DATASET EXTRACT:
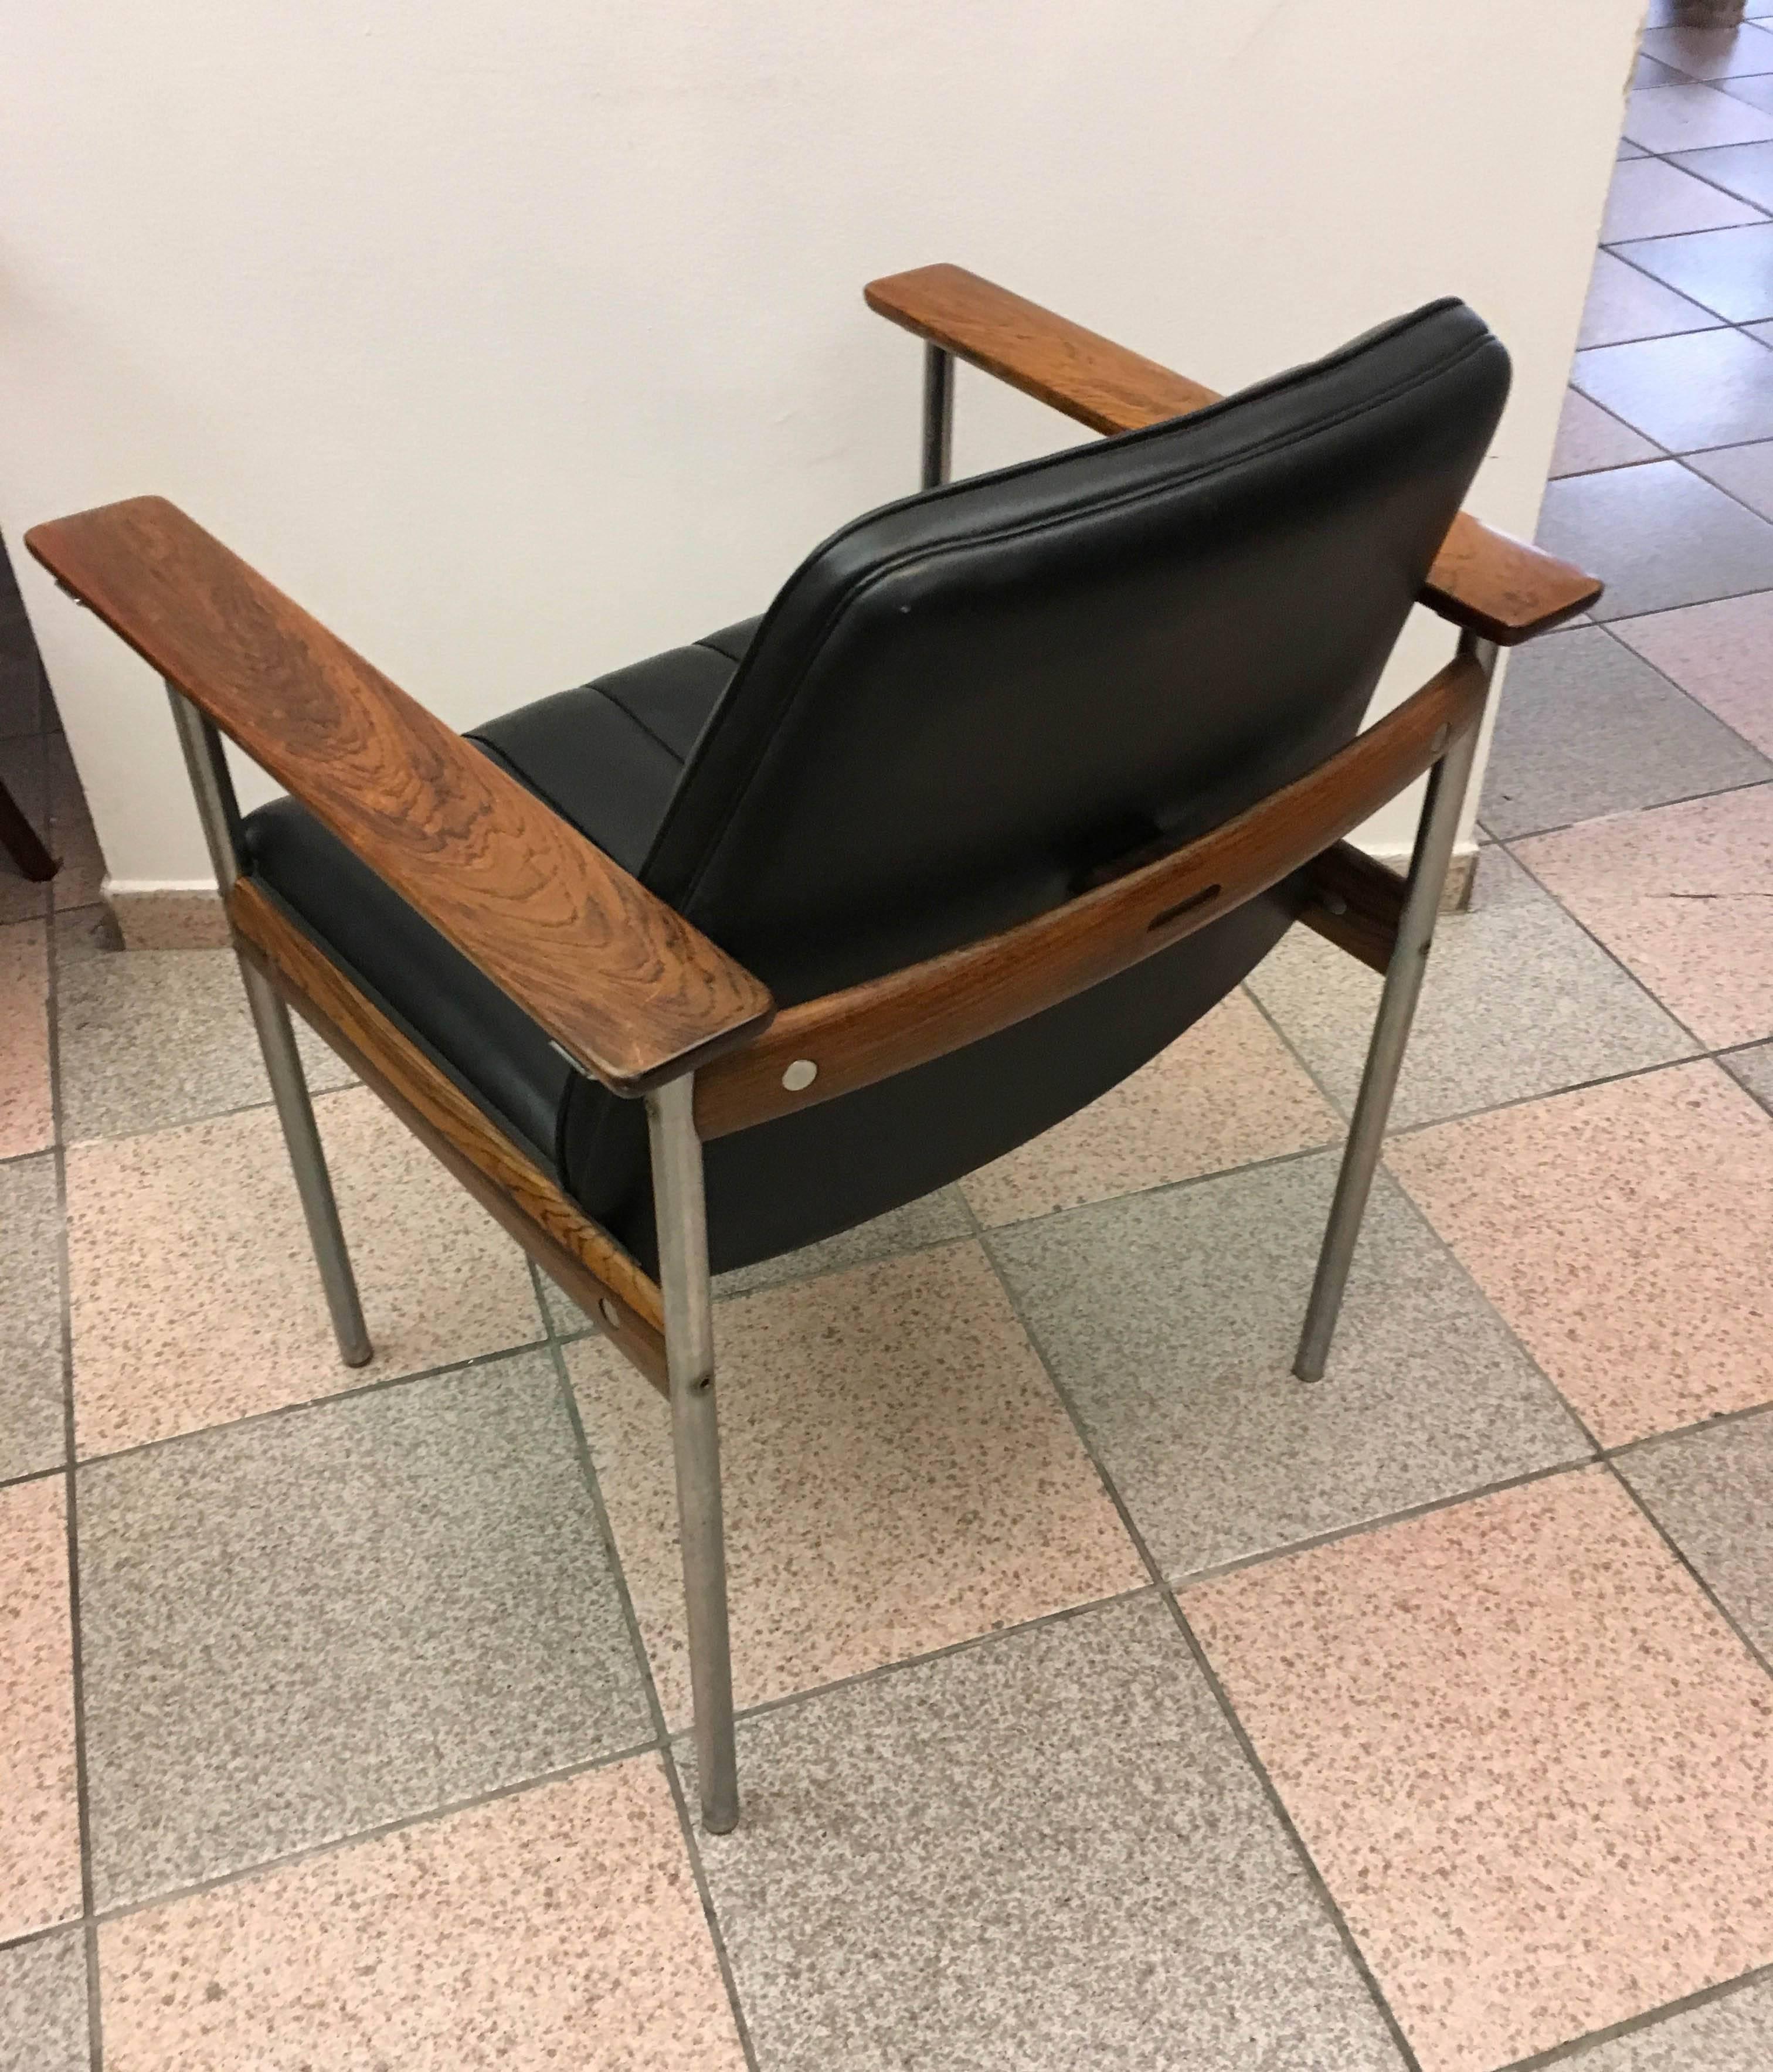 Steel legs with rosewood elements and leather seat designed by Sven Ivar Dysthe in Norway for Dokka Mobler in the 1960s.
Those chairs are in very good originals condition with small patina on steel and wood parts.
Dimensions: 81 H x 65 W x 58 D cm.

EXERCISE BRIEF: The listing should be transcribed exactly. No picture is to appear in the transcription.

SOLUTION FOR THIS TASK:
 Steel legs with rosewood elements and leather seat designed by Sven Ivar Dysthe in Norway for Dokka Mobler in the 1960s.
Those chairs are in very good originals condition with small patina on steel and wood parts.
Dimensions: 81 H x 65 W x 58 D cm.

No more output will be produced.